I am sitting at the desk, patiently enduring the chill coming from the single-pane window, blinking away the fog of tiredness that saps my strength like a deer tick squatting on my brain, like a sea sponge, expunged from its natural environment and sold by Amazon as a dyed pink loofah, soaking up water from the shower drain. One foot is tucked underneath me—ankle strangled by thigh, bereft of blood—and is rapidly losing sensation. I am sitting in silence with the sole goal of writing something true, but I think it may, unfortunately, not be as easy as I initially hoped.
I must admit that I think of the “something true” as something that lives perennially inside me, well-nourished and lucid as genius, luminous as moonstone, appraising conditions outside my body for the right opportunity to emerge, resplendent in the last dregs of milky afternoon light. But “something true” is not a “something” that I am knowingly carrying. I do not feel it inside me as I do the digestion of a meal, or a thorn in my shoe, or a wound in my memory. If I carry anything true, it resides in me as noise indistinguishable from the plaintive chorus of cells, tissues, thoughts, organs, feelings, joys, tragedies. I cannot pluck its face from the crowd. I probe my stomach, my limbs, my heart, every part of me more meat than spirit, looking for the “something true” in the blue night, but no reply is forthcoming.

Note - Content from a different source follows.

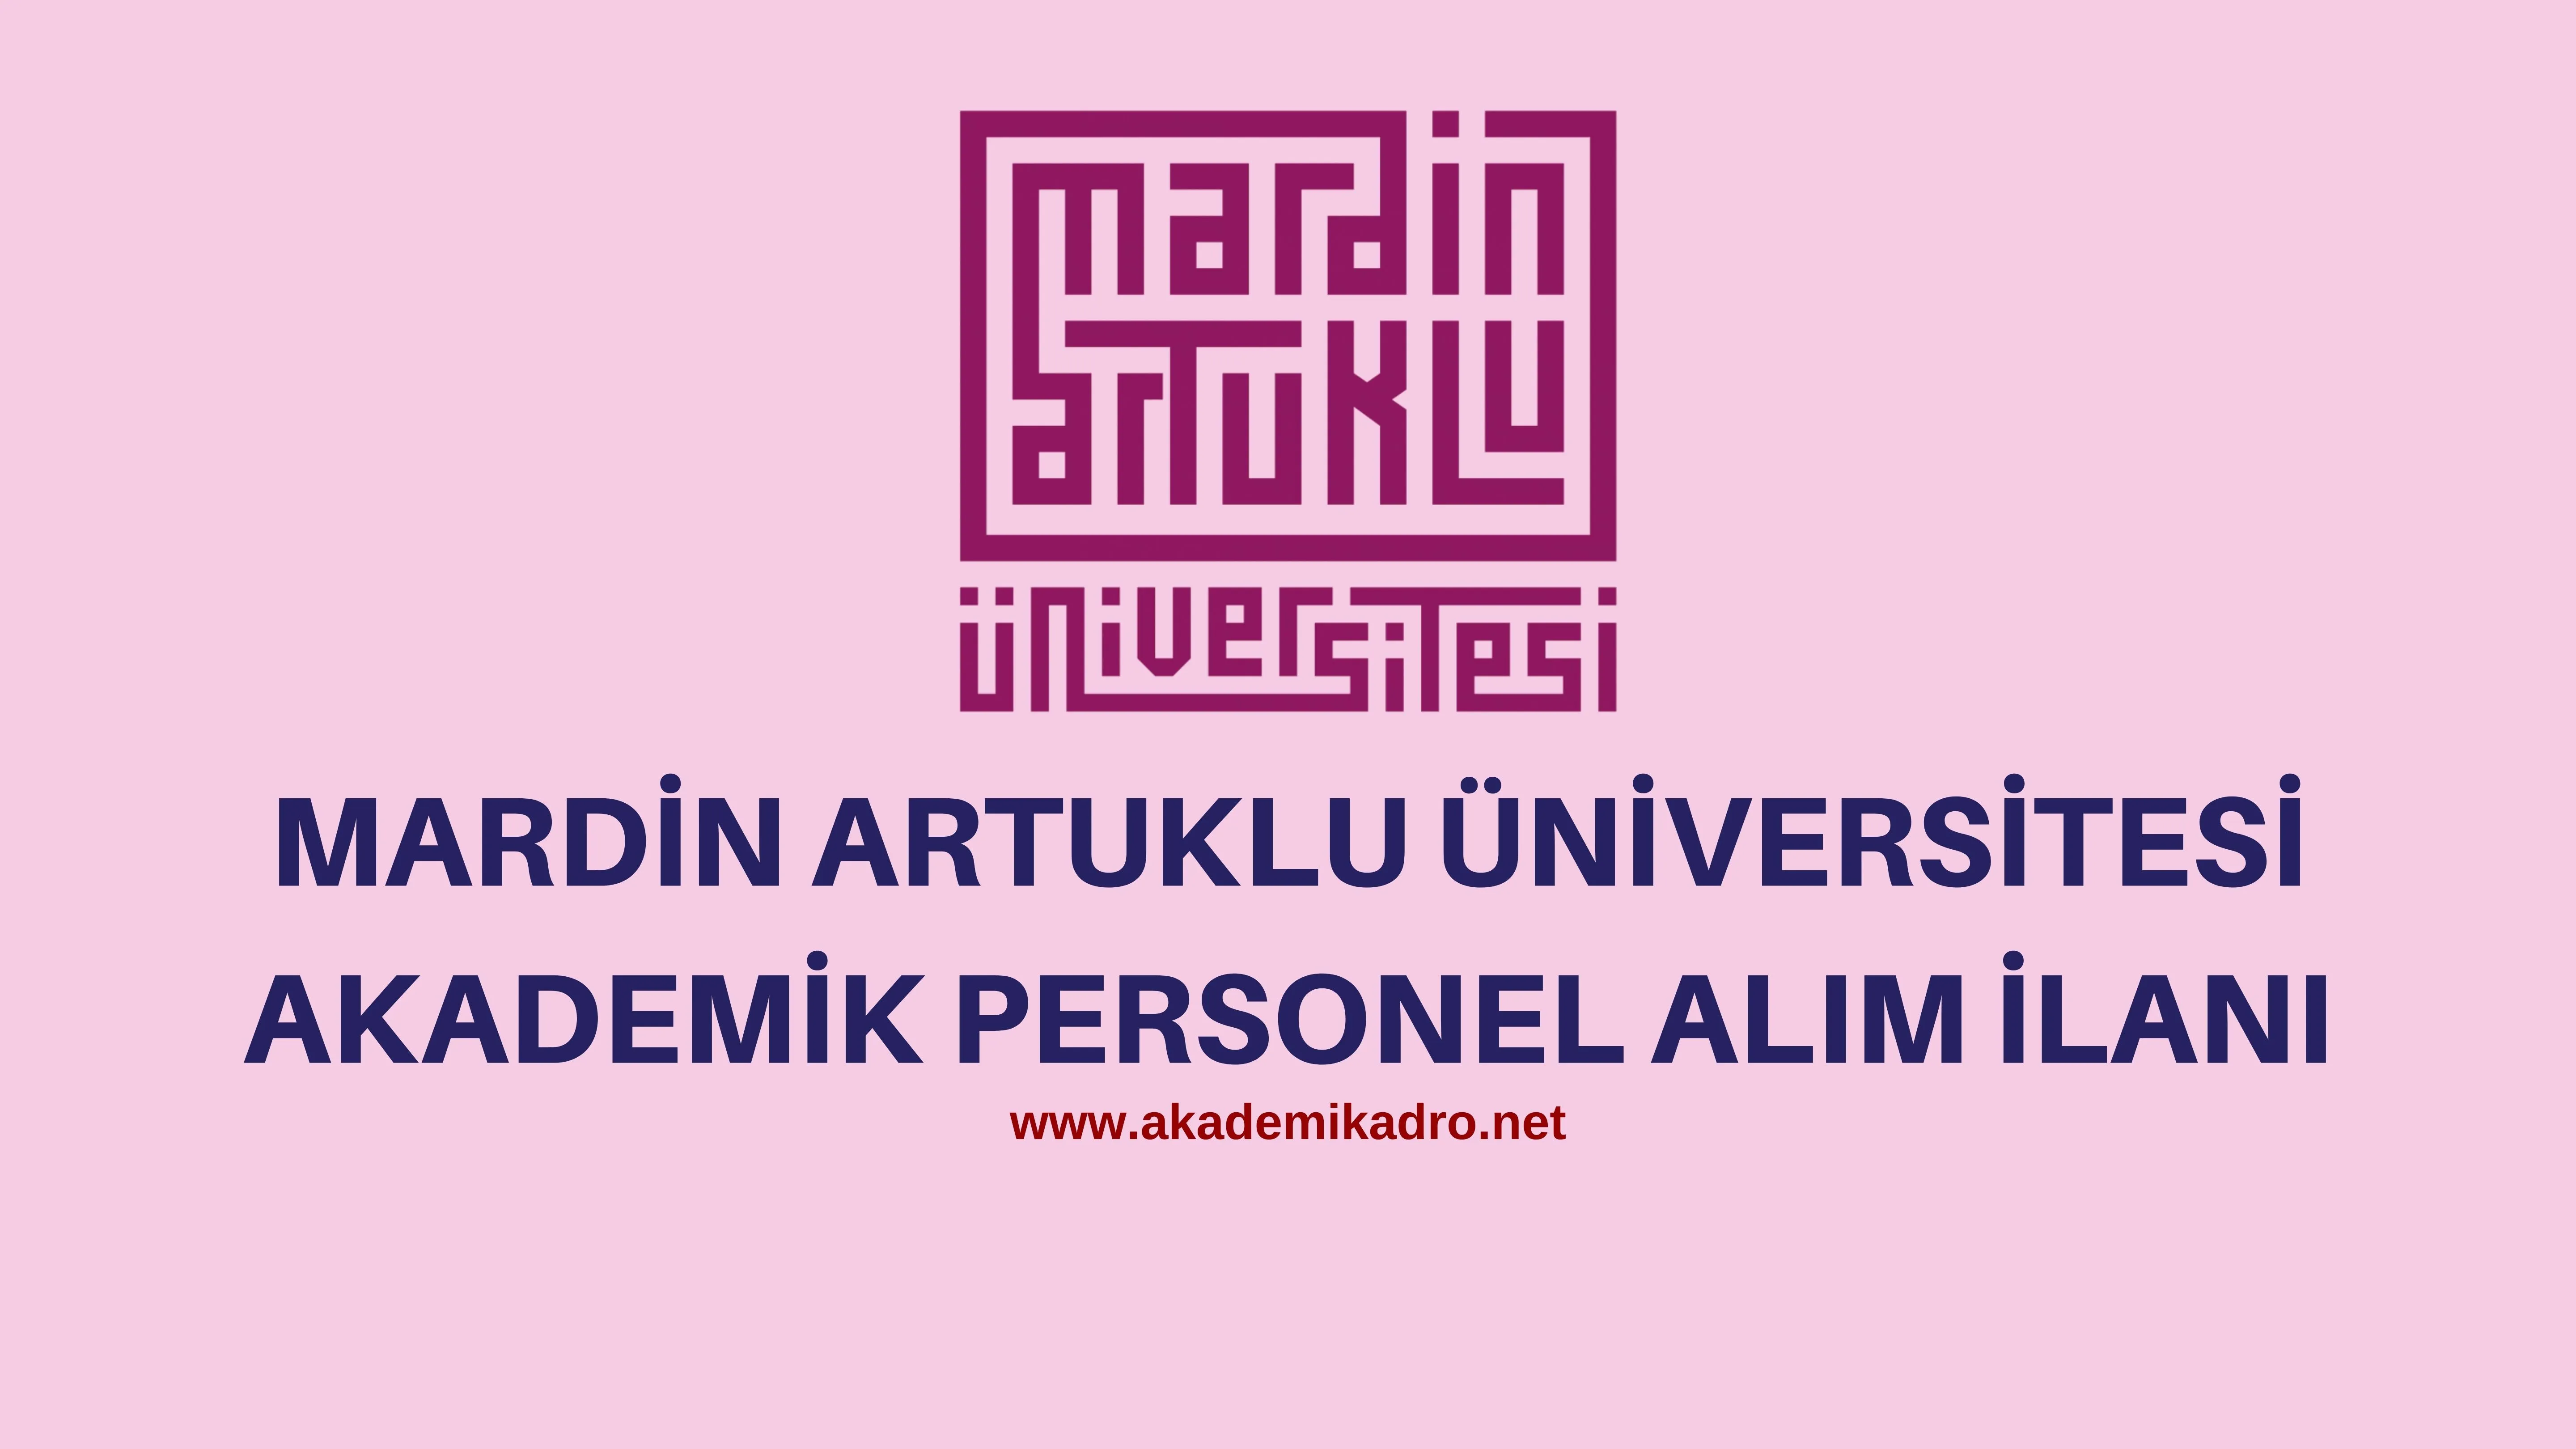 Mardin Artuklu Üniversitesi birçok alandan 11 Öğretim üyesi alacak.

I know “something true” was here, once—I knew it as a child, as many children do, playing by myself in a corner of the sandlot, living out a tiny life rich with alien roots sprouting from dark earth. I knew I could create, even if what I made was never good enough. But the certainty of that seems to have faded as I have grown and and become accustomed to trading authenticity for commercial viability and passion for (limited-to-nonexistent) career advancement. When I write now in pursuit of “something true,” I find myself lost, more often that not, in a labyrinth wallpapered in endlessly scrolling feeds. Blinking open wetly from the ceiling, the gaze of my father, and his father, and his father’s father, falls on me like a cascade of cinder blocks. I become possessed by the fear that I should be doing something else, anything else. I forget to feed the white rabbit. Its red eyes flutter closed. Could I have already killed the possibility of my “something true” through neglect? But in its absence I finally understand how tenderly the act of creation once held me, how my day was structured around it like paradise around the apple, like flesh around the parasite, like sound around meaning, and how my life continues to take the shape of an asymptote reaching for it, for something that is missing.